Worse still is knowing that it requires a certain degree of focus to afford change, and that ADD does all it can to rob that focus.  The worry evolves into a kind of despair when this happens, which is often.

No, I'm not suicidal.

Why not?  Many good reasons.   One large reason is that same sense of duty that got me here in the first place.  And a father that won't let me give up on that duty.

Yes, my father left this world almost 15 years ago (will be 15 years in June), but he's still alive in me.  As Vitruvius would say, "I know that sounds like a cat poster, but it's true."  Every time I get down on myself, feeling impotent, angst-ridden and despairing, I immediately hear him telling me to get up.

"Get up.  Stop feeling sorry for yourself.  And DO something.  Good or bad, make your choice and MOVE."  

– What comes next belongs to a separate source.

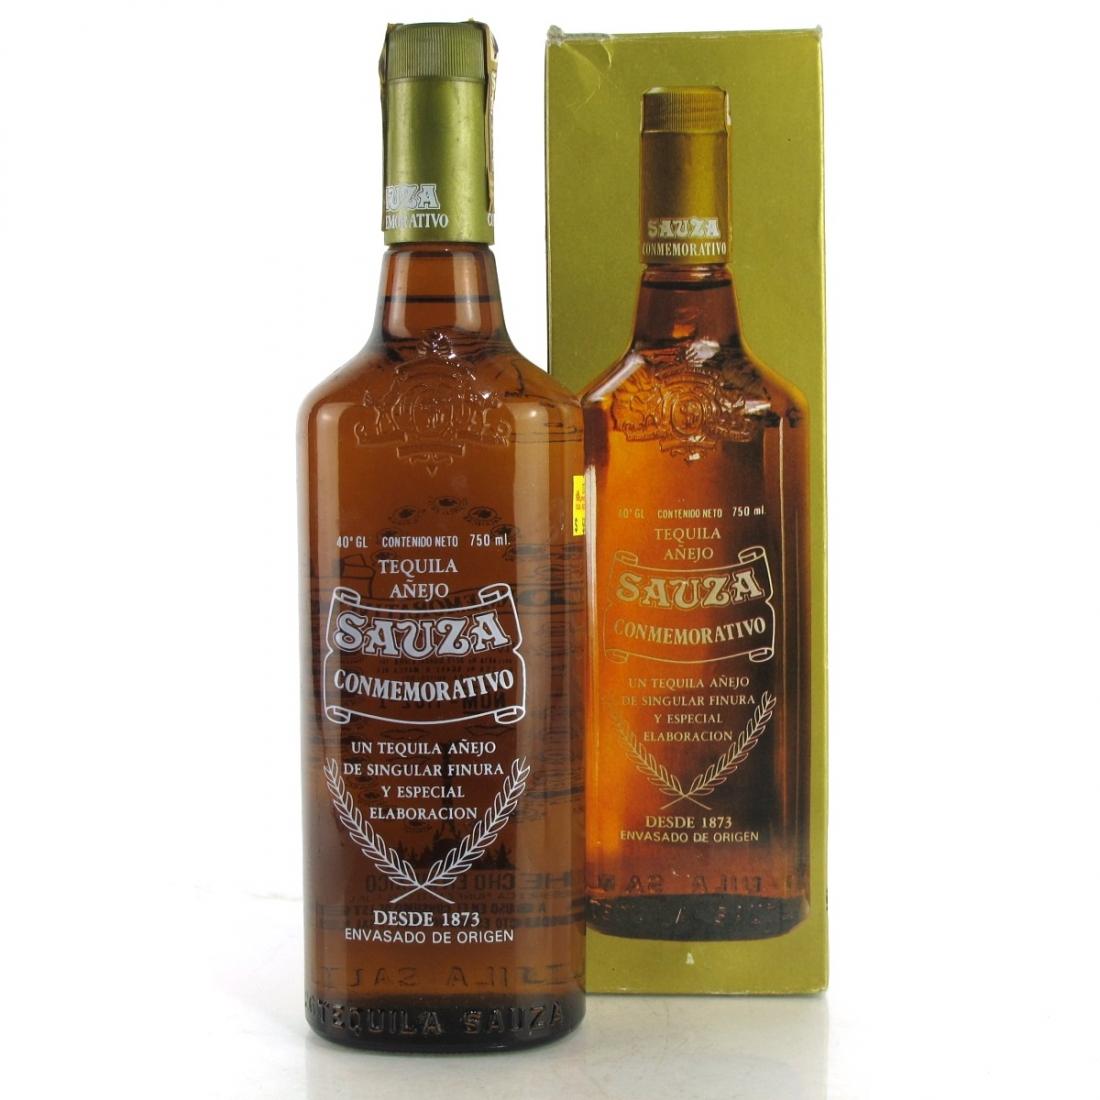 Sauza Conmemorativo Tequila Anejo
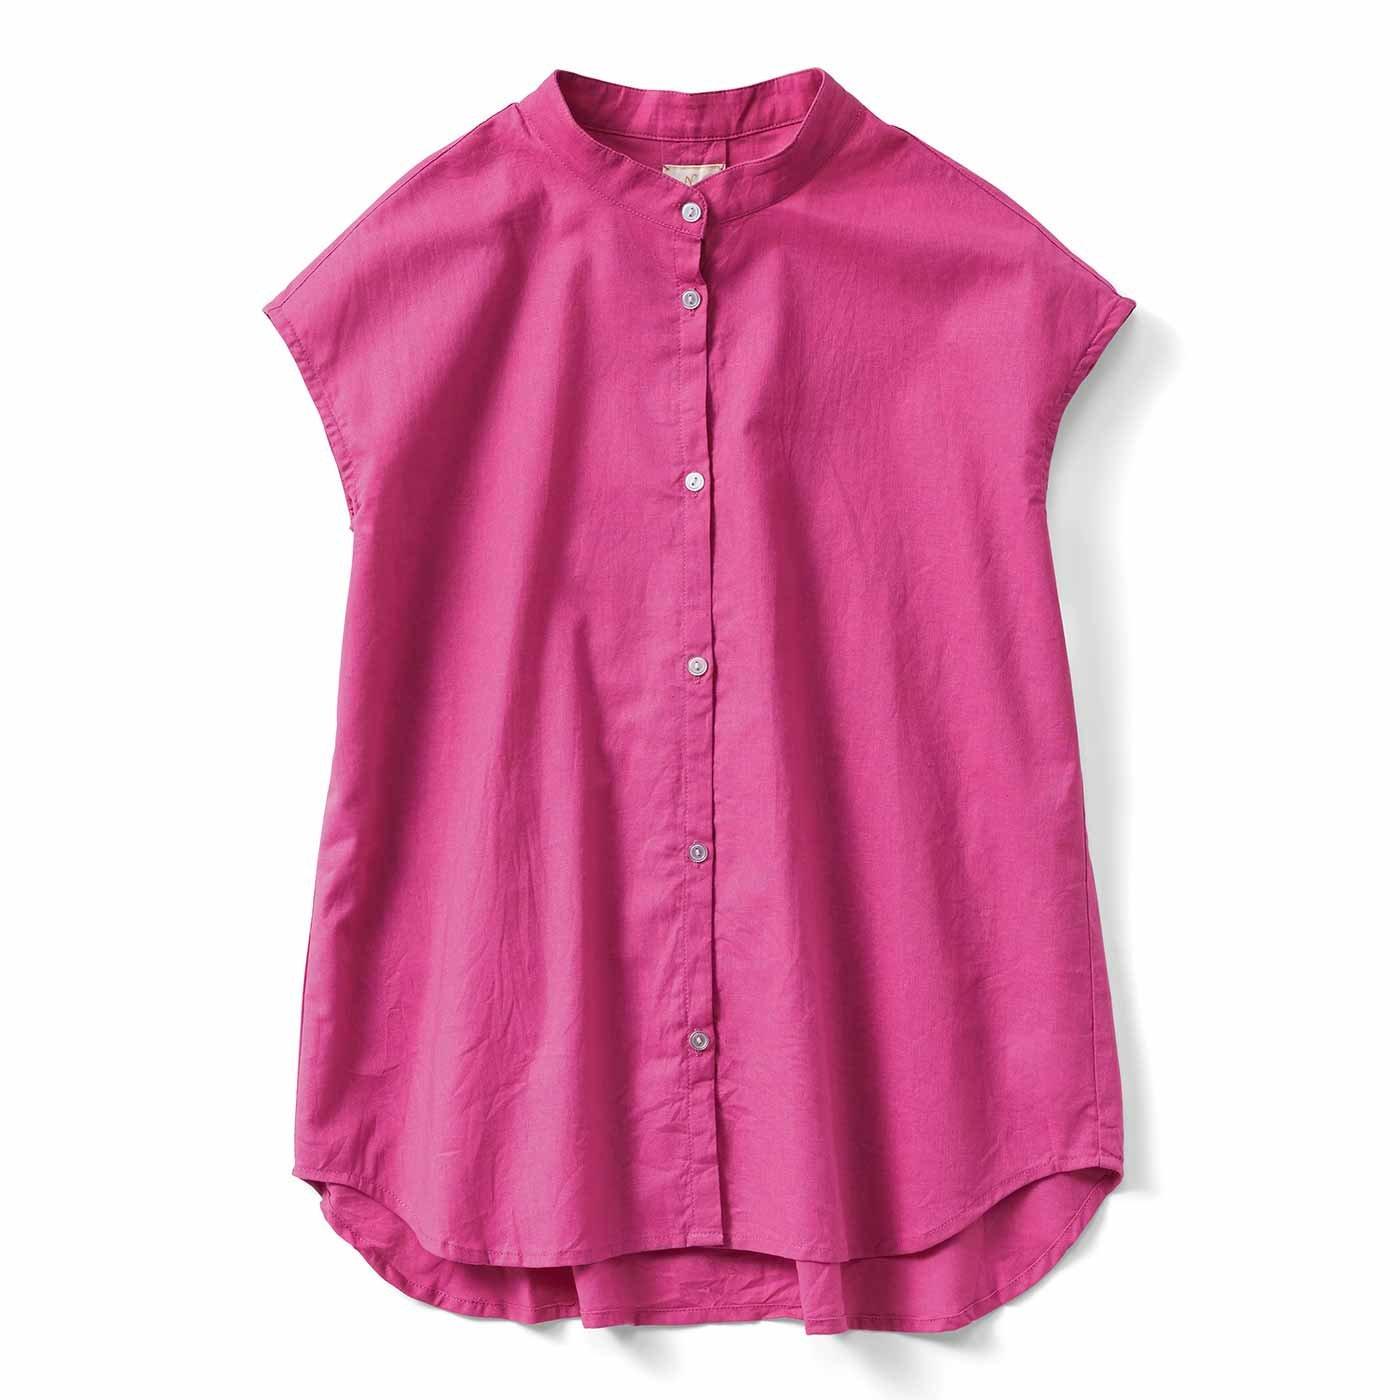 【3~10日でお届け】IEDIT[イディット] コットンリネンのバンドカラーシャツ〈ドラゴンフルーツピンク〉

Few things irritated my father like indecision.  He was a man of action, someone that did not let things go idle.

This year, my resolution is to reclaim the parts of my life that I have allowed the outside to control due to my indecision.  Stop allowing the world to make choices for me that I should be making.  That I can be making.  That I WILL make.

I will look hard at myself, and account for what I am now.  I will change that which should be changed, tend to what needs tending to and discard that which is unnecessary.

And I am not alone in this, as I have a great friend in Herself to help me, and 3 little faces to inspire me.

And my Dad is still here to guide me.  Yes, Dad, I heard you.  I'm getting back up.